A paleontological discovery in Morocco has provided direct clues as to how the symmetry of starfish, a five-ray body organization that distinguishes them in the animal kingdom. The key piece is a Cambrian echinoderm that documents, in unusual detail, the transition from a bilateral body towards pentaradial architecture.
The protagonist of the study is Atlascystis acantha, a fossil of about 510 million years recovered in the Moroccan Anti-Atlas and analyzed by an international team co-led by the IGME-CSICThe research, published in the journal Current Biology, shows that this organism combined bilateral traits with characters that anticipated the five-radius symmetry of modern echinoderms.
A discovery that reorders the origin of stellar symmetry
In present-day echinoderms, such as starfish, pentaradial symmetry It dominates the adult stage, although its larvae are bilateral.

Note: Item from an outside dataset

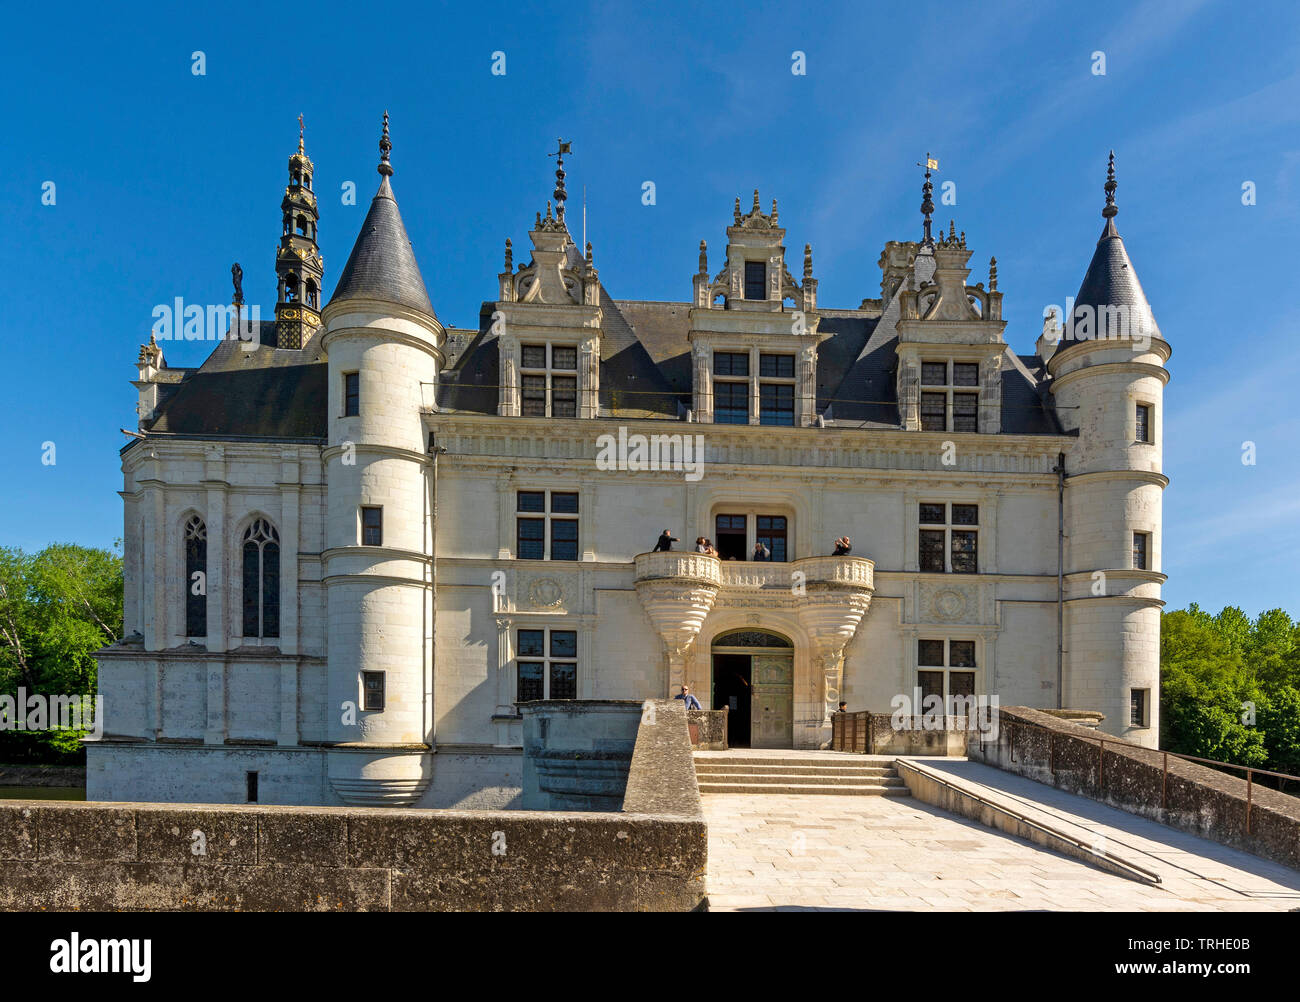 Chenonceau castle spanning the River Cher, Loire Valley, Indre et loire department, Centre-Val de Loire, France Stock Photo

Atlascystis acantha breaks this scheme because it maintained bilaterality in maturity, while exhibiting structures that point to the transition towards a radial body plan, which makes it a evolutionary link essential.
To understand the contrast, it is worth remembering that the pentameric symmetry divides the body into five equivalent sectors, something evident in starfish. This organization is not exclusive to them: it also characterizes sea urchins, crinoids and holothurians, all members of the group of echinoderms, Unlike the cnidarians with radial symmetry.
What Atlascystis acantha reveals and why it matters
The study identifies Atlascystis acantha as the oldest known echinoderm with bilateral symmetry in the adult phase and documented at different stages of development. Its anatomy combines primitive features with elements characteristic of radial forms, placing it at a key intermediate point for reconstructing the morphological transition.
Among these elements, the following stand out: ambulacra, ducts associated with the water vascular system with which current echinoderms move, feed and attach to the substrate. The presence of ambulacra in such an ancient bilateral form helps to directly link the first echinoderms with their modern descendants.
From the bilateral plane to five rays: the role of the ambulacra
The evolutionary key lies in how the organisms were reorganized and multiplied. ambulacra over time. Evidence indicates a path in which the duplication and subsequent reconfiguration of these structures ended up establishing the five-spoke symmetry characteristic of the sea ​​stars.
- The oldest forms show two ambulacra, a simple, bilateral pattern.
- In certain lineages a reduction to one, followed by further duplications.
- The series of duplications led first to three and finally to five spokes, establishing the pentaradial architecture.
This itinerary explains why current echinoderms, despite their apparent radial symmetry, retain a bilateral imprint in their development and how the pentardiality emerged as a stable solution in the group.
Where and how the fossil was studied
The specimens come from deposits of the Lower Cambrian in the Anti-Atlas (Morocco), an exceptional region for investigating the early diversification of animal life. This geological context provides a time frame of around 510 million years, key to understanding the emergence of new body plans.
The team applied Synchrotron radiation to obtain high-resolution three-dimensional reconstructions without the need for mechanical preparation, thus avoiding alteration of the material. Thanks to this technique, it was possible to precisely observe internal and external details that reveal how the structures of the material were organized. fossilized organism.
Implications for understanding modern-day starfish
By documenting an intermediate stage between ancestral bilaterality and pentaradial symmetry, the work fills a gap in the fossil record and offers an anatomical basis for interpreting why starfish have five arms. The link provided by the ambulacra connects the early diversity of echinoderms with their remarkable later success.
The combination of a key fossil, a precise geological context and advanced imaging techniques allows to reconstruct the change of a bilateral body plane to another radial, shedding new light on how the symmetry that characterizes the sea ​​stars and their close relatives.